Entering 8, the Neon (piloted by Wes Hill) stayed high, while the CRX (piloted by Wes Storm) went low, and I stayed somewhere in the middle. For a brief moment, I had the uncommon experience of both lapping and being lapped at the same instant at the mid-point of turn 8. As we drifted out of 8, the CRX pulled in front, I tucked into the middle, and the Neon followed behind. It was a good clean pass, with everyone cooperating, but turn 8, with the long straight that follows, can be very sensitive to speed variations and even a minor reduction will impact the speed down the entire straight.
The traffic had slowed me down. Catching up to Dave’s rotten-lemon 2002, which had been a long shot, was now going to be impossible unless he made a serious error. He had done a better job of anticipation and traffic management that I had, and it showed. The '02 now had a 200 yard lead and the LL placard was up at Start-Finish.
I wasn't going to catch him this time. I drove a clean lap. I was 3rd of 10 cars in G-P – not a bad result.
After the race, I popped by and introduced myself to Dave, the driver of the sickly-yellow 2002. He had been having brake issues – thus the quick start, followed by the fade in speed that had allowed me to nose up on him.
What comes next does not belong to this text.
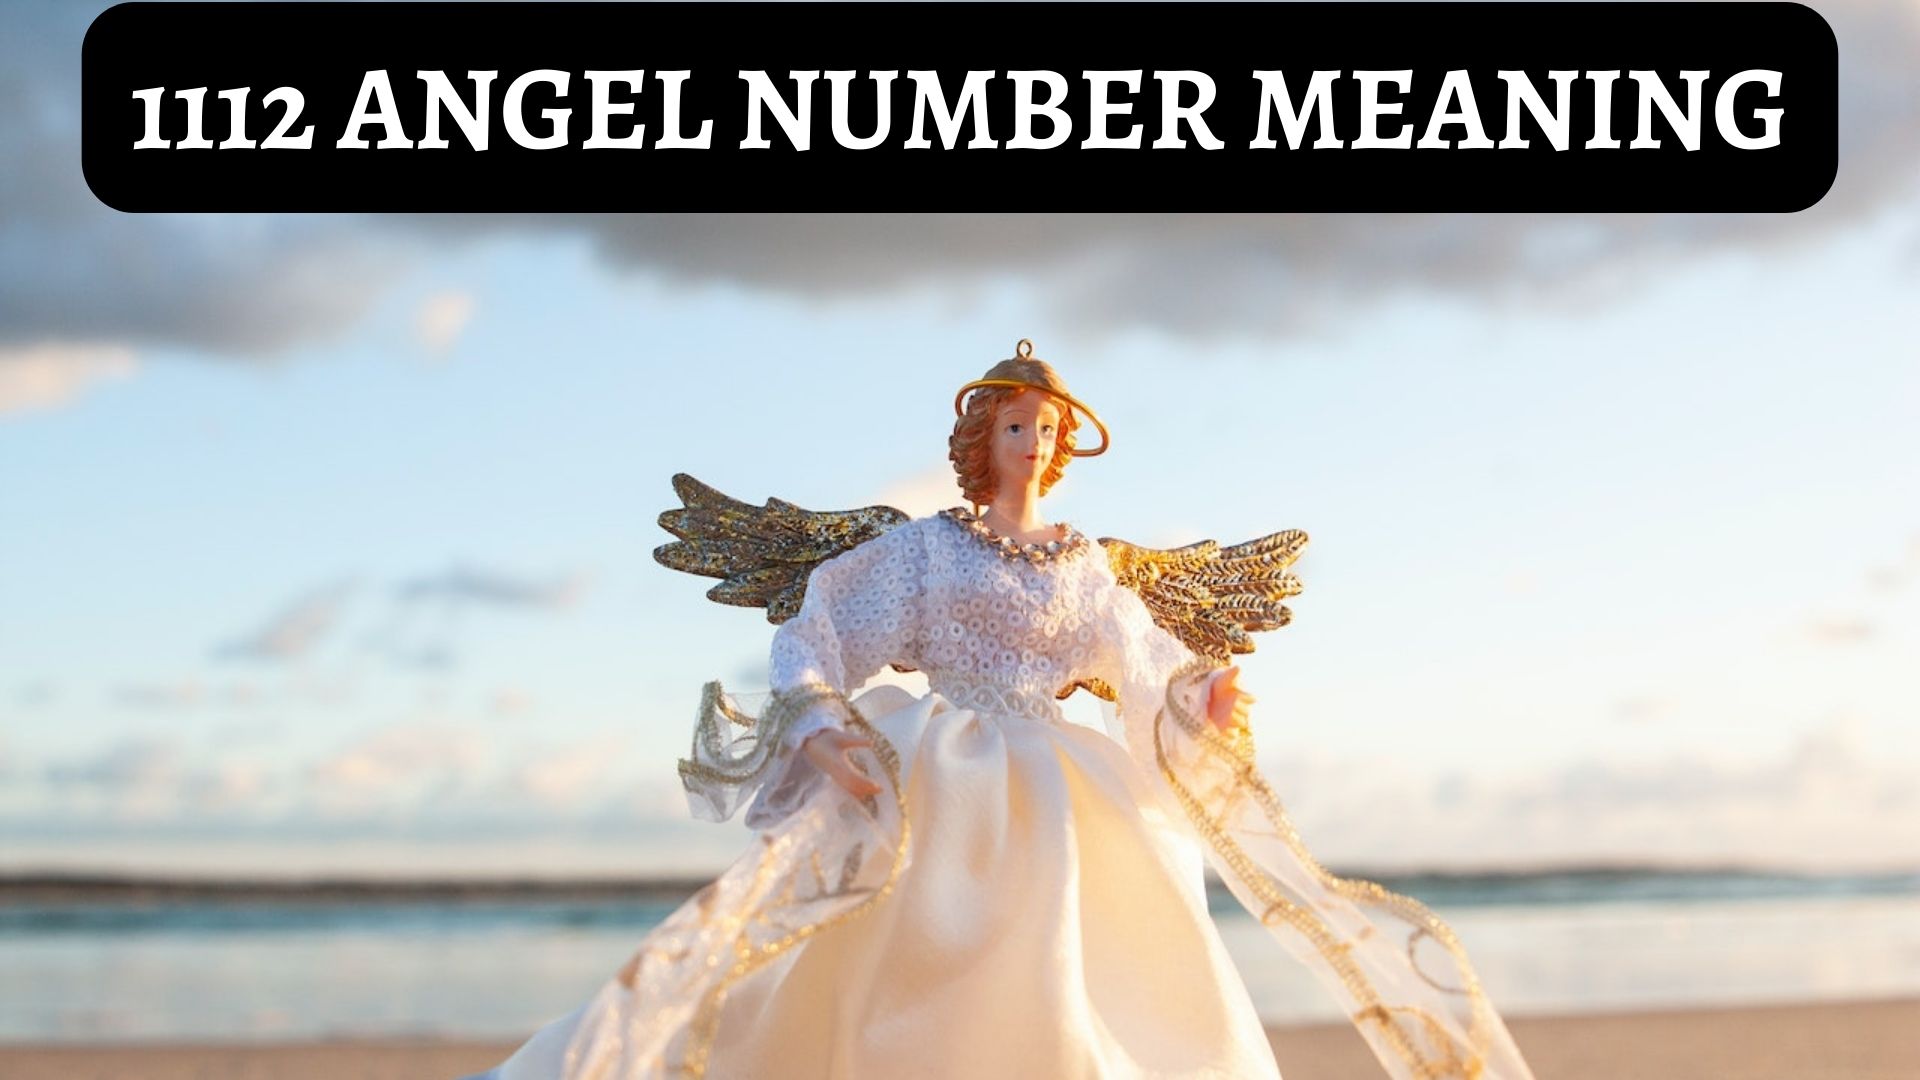 1112 Angel Number Meaning - Symbolism And Meaning

My engine hesitation below 6k RPMs, and his brake problems, were going to haunt us both for the rest of the season – but that's how racing is: the car is never perfect (and if it is, it means something is about to break).
My fast lap of the race was a 1:48.6, a record lap for me by half-a-second. As after the May race at PR, I felt that I was going to have to find more speed, but this time it wasn't in the car. I had to clean up my driving, push harder, and be more consistent. Then maybe I could find the time to beat Dave's 2002. The speed was all in my head.
I was going to have an opportunity to find it in 3 weeks at Portland International Raceway.